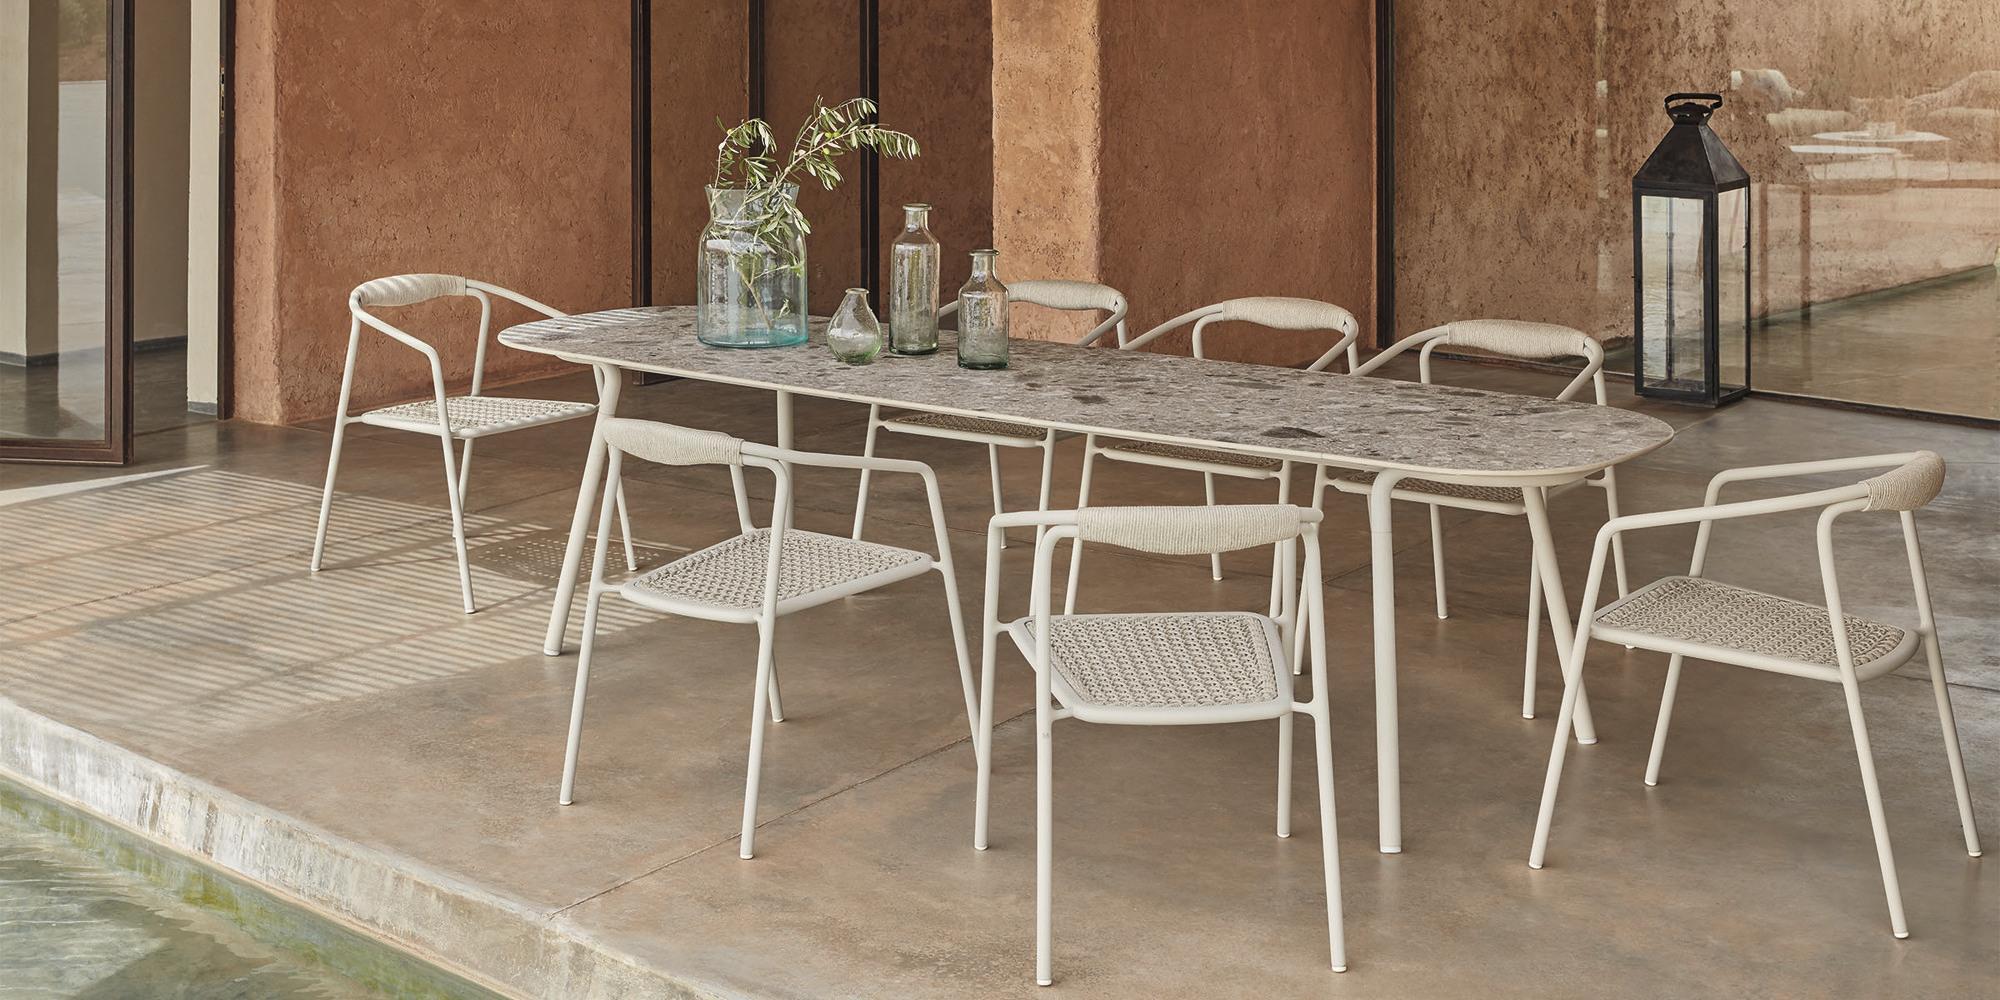 Minus table
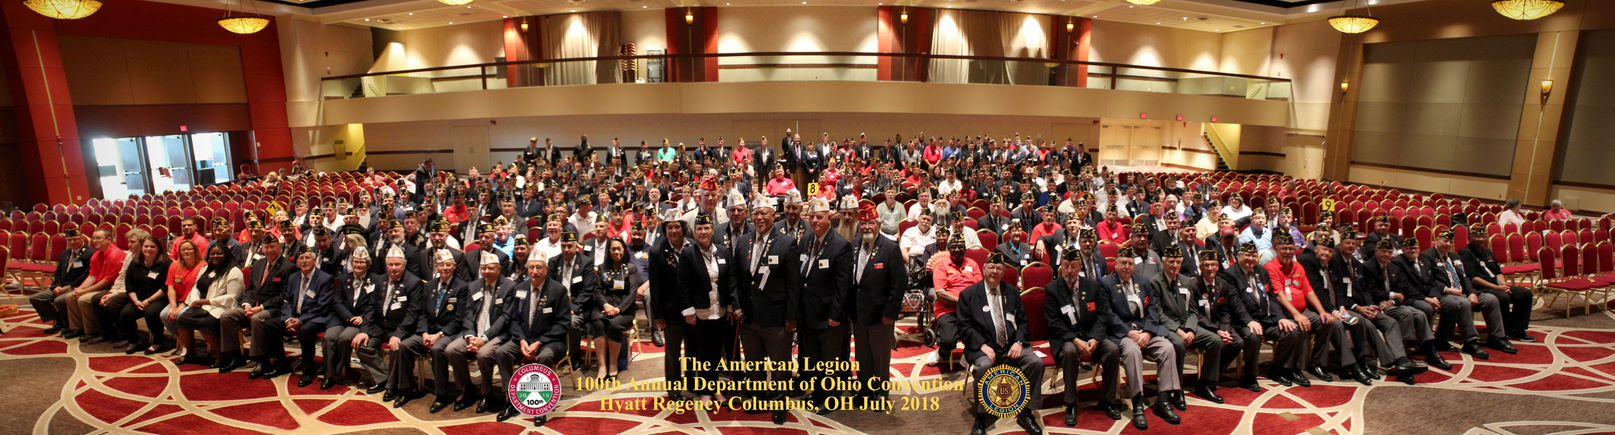 the american legion department of ohio
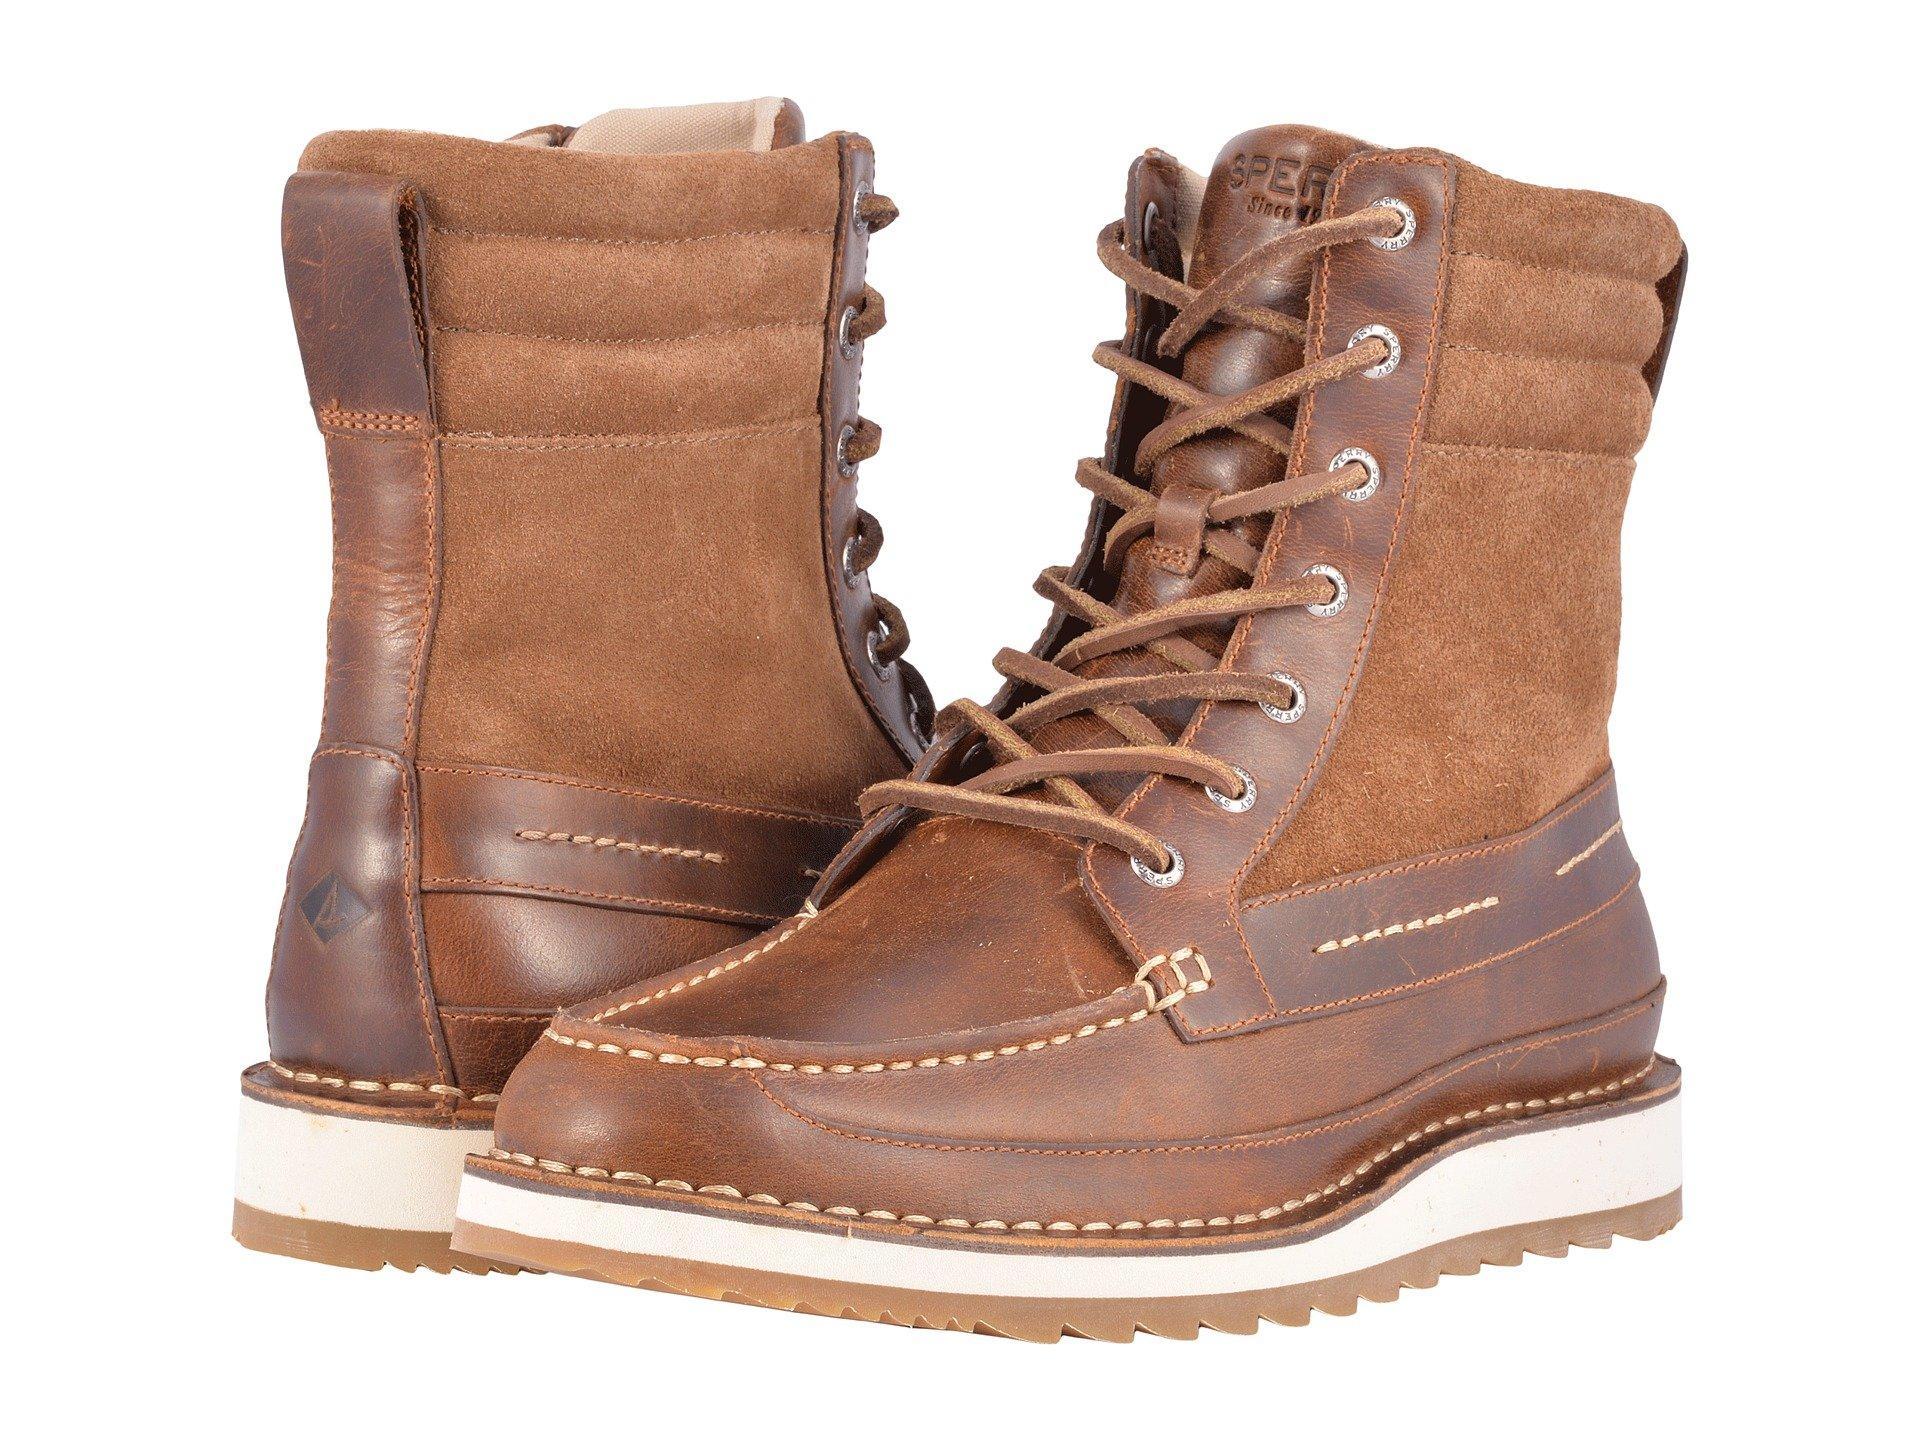 Sperry Dockyard Boot, Tan 1

AIM OF THE EXERCISE => Copy the material above word for word, images excluded.

ANSWER =>
 Minus table
 the american legion department of ohio
 Sperry Dockyard Boot, Tan 1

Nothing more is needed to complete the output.